**DATA EXCERPT**
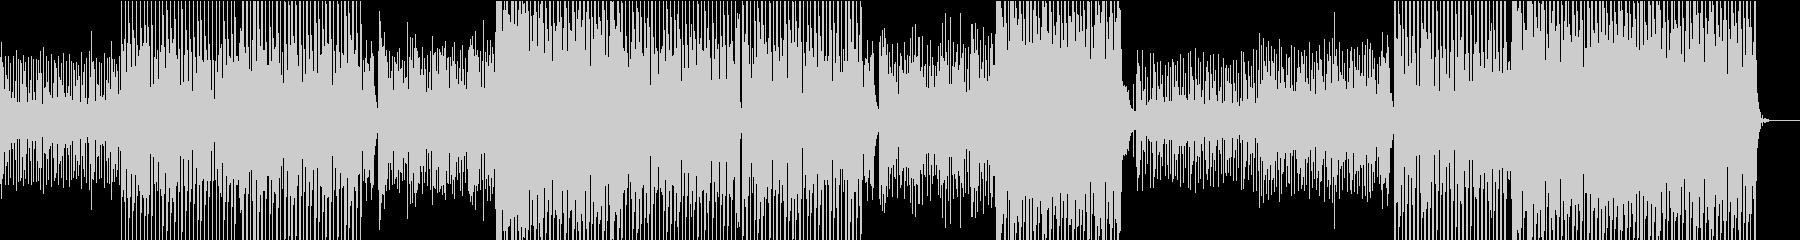 楽しくて遊び心のあるこのEDMの曲...の未再生の波形
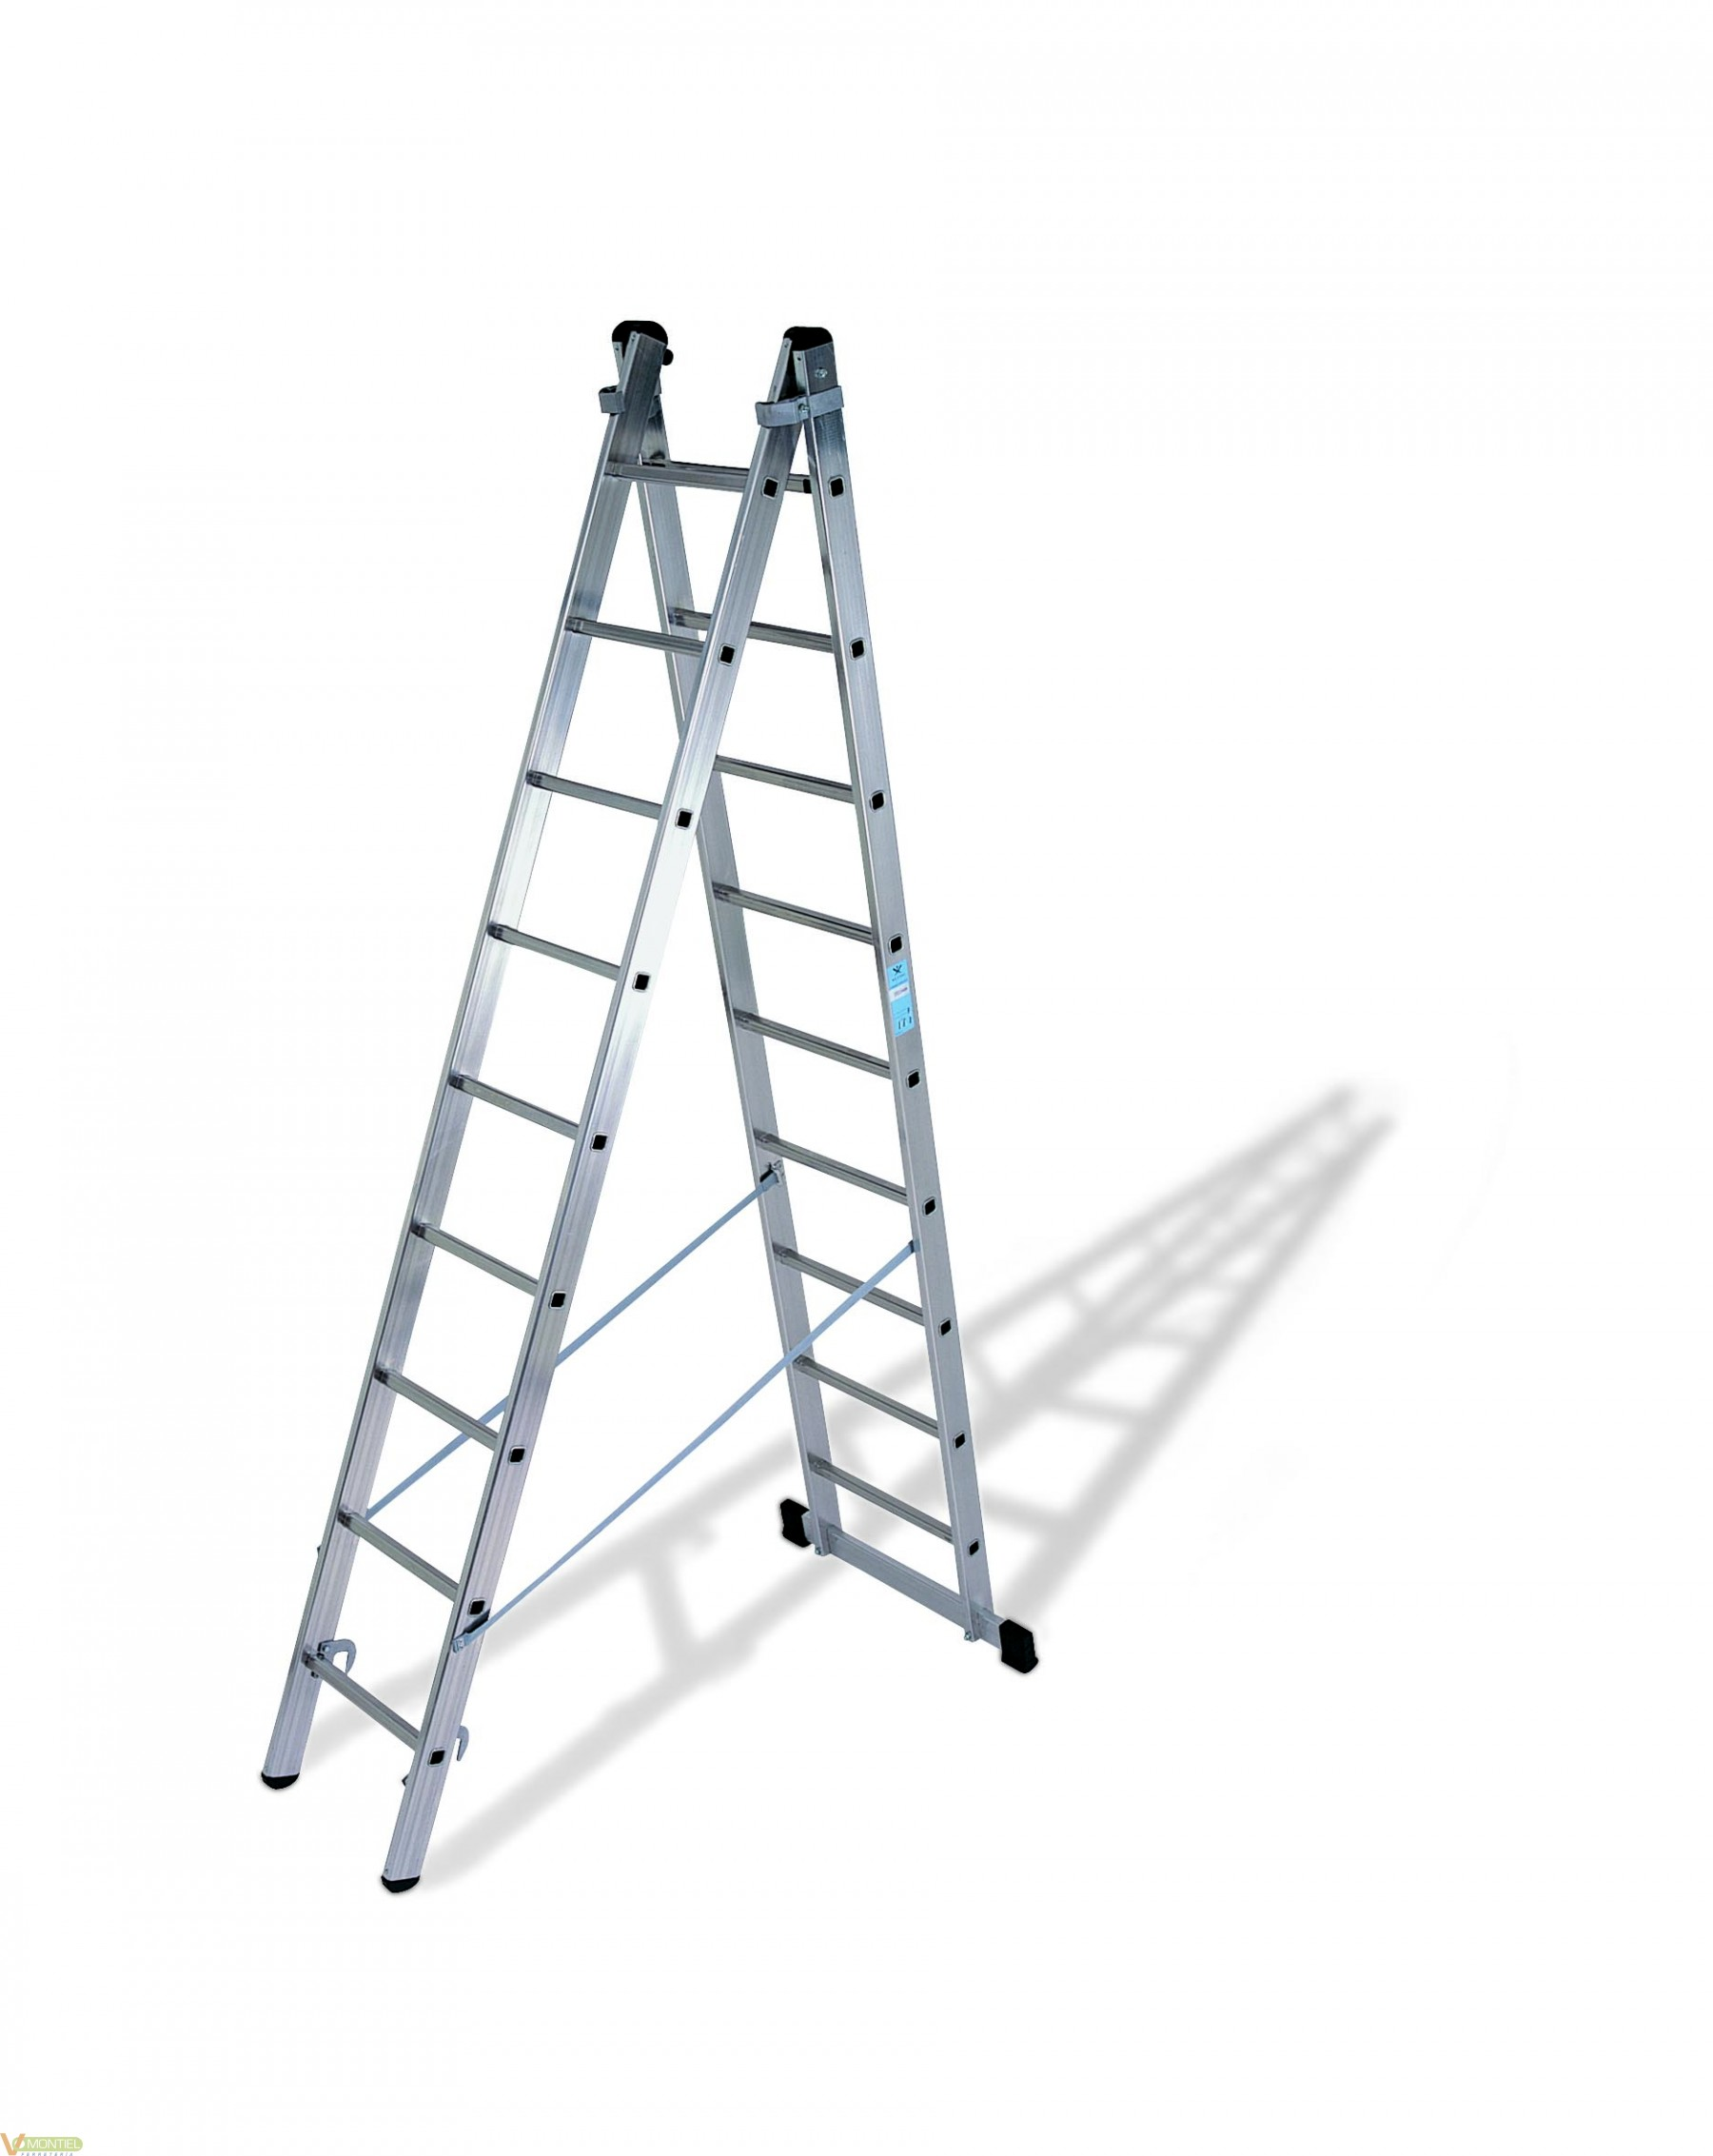 Escalera doble c/base 9x2 4,48-0
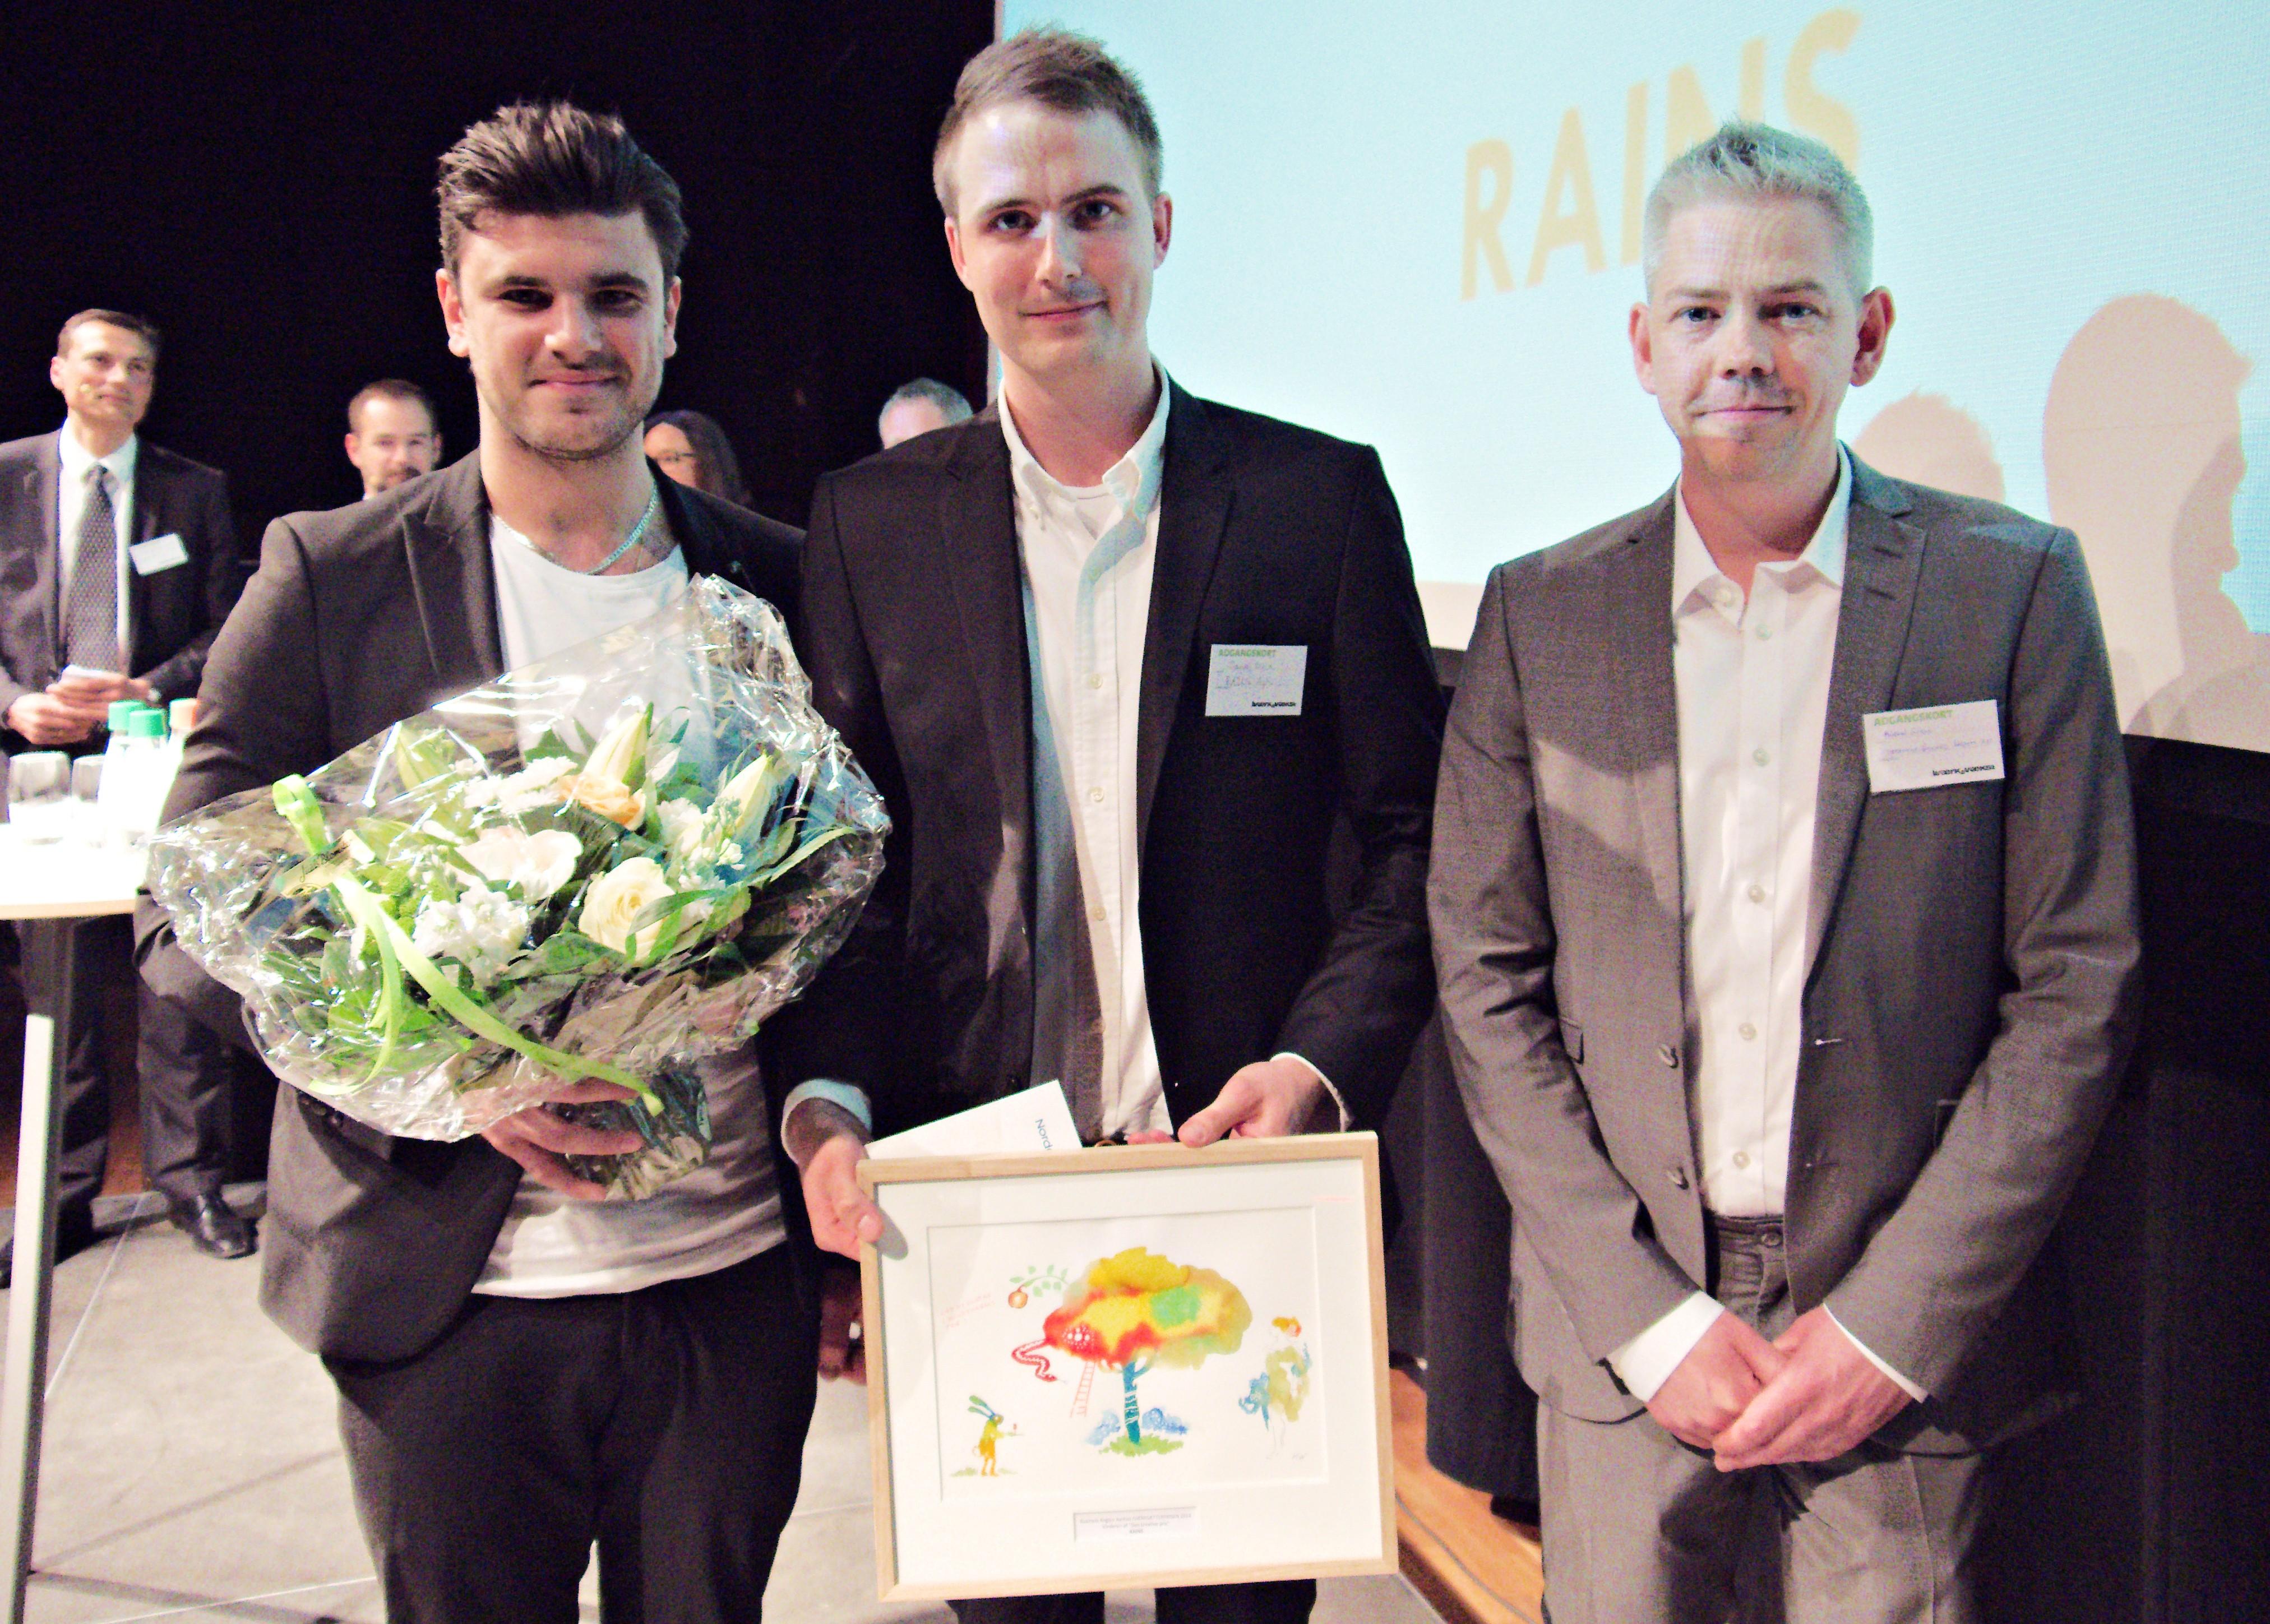 RAINS, vinder_i_kategorien_Bedste-kreative_ide

**WORK TO BE COMPLETED**
Reproduce the listing exactly. Leave its pictures out.

**REPLY**
 楽しくて遊び心のあるこのEDMの曲...の未再生の波形
 Escalera doble c/base 9x2 4,48-0
 RAINS, vinder_i_kategorien_Bedste-kreative_ide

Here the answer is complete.